Continuing the OT...
Backing information for this assertion (the second half your statement)?
As long as we're staying off topic . . . If you are interested in all things payroll tax you can start at the wikipedia page (http://en.wikipedia.org/wiki/Payroll_tax) and then dig into the complexities of each country (in particular the required employer contribution for various social insurance schemes).
The notes below exclude income tax and "safety net" withholding that employees are required to pay (employee contributions) and look at "safety net" contributions that the employer makes on behalf of the employee (employer contributions). I also do not include other required people expenses that might be incurred in each locale such as sick pay, vacation time, mandatory allowance schemes, etc.
In the US the employer contribution is 6.2% up to $106,800 for Social Security plus 1.45% on all wages for Medicare. In addition, there are state and federal unemployment taxes that are a little more complex (FUTA/SUTA) so we will ignore as it is usually less than 1% over the full salary.
**Note** Many US employers purchase health insurance on behalf of their employees whereas other countries have nationalized insurance that is paid in the form of government payroll taxes. I don't know Tesla's health insurance premiums, nor what they pay on the employee's behalf, but according to the BLS, private sector employers paid an average of 7.6% for health benefits. Call the all in rate for the US 16%.

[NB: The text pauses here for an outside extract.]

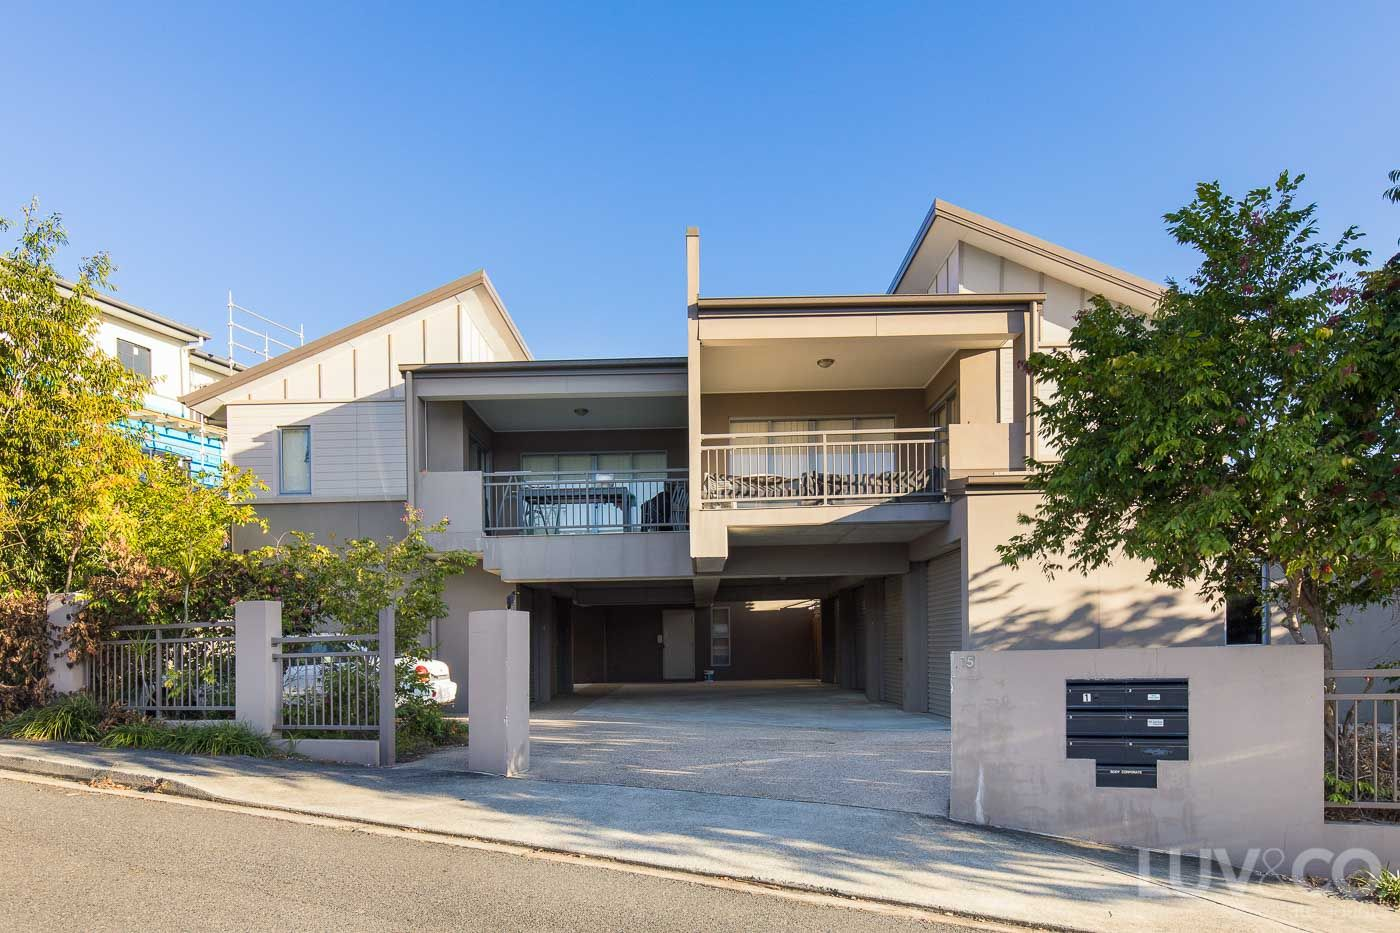 2/15 Crana Street, Gaythorne QLD 4051, Image 2

In Germany the overall employer contribution is closer to 22% and is somewhat complex.
Brazil requires employers to contribute 20% of total payroll for social security.

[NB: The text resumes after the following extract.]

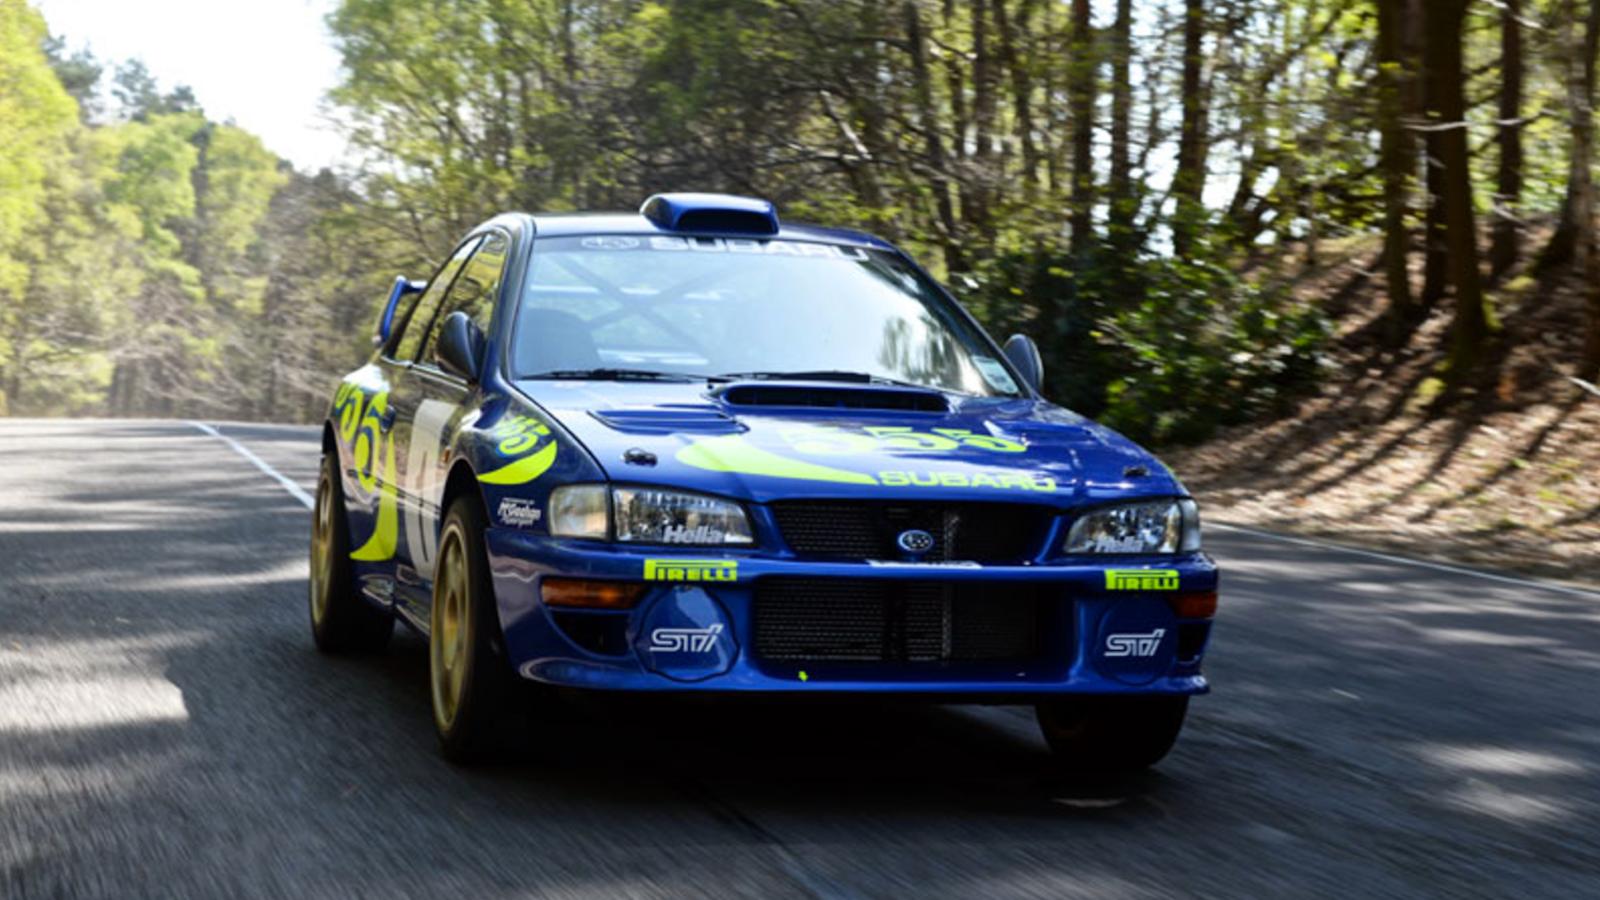 Rally Legend Colin McRae\'s 1997 Subaru Impreza WRC Test Car Sells ...

Don't even go to France, it's well north of 30%.
The UK is incredibly complex with their national insurance coverage, allowances, maternity, sick pay, etc but suffice it to say that it's higher than the US (feel free to research if you like).
While this is just a smattering of countries, you get the picture. The US is indeed lower (and significantly lower in some cases when you adjust for differing vacation and sick pay rules). As a rule, emerging economies tend to have lower employer contributions than established economies.
UK: Import Duty and 20% VAT
I hope (not much...) that the UK price will be a Pound sterling amount lower than the $ amount (No exchange rate) but I don't hold my breath.
60KWH 80KHW Perf
Price 59,900 69,900 84,900
Options 10,200 10,200 7,200
Taxes 7,010 8,010 9,210
Total 77,110 88,110 101,310
Deposit -5,000 -5,000 -5,000
Federal -7,500 -7,500 -7,500
State -4,000 -4,000 -4,000
TradeIn -18,000 -18,000 -18,000
TSLA@(34) -13,600 -13,600 -13,600
Loan Amt 29,010 40,010 53,210
Wife says we can have a 50K loan balance when all said and done. What should we do? I was planning on 60KWH the whole time but now thinking of moving up. I drive 5-10 miles per day, might need to charge once per week.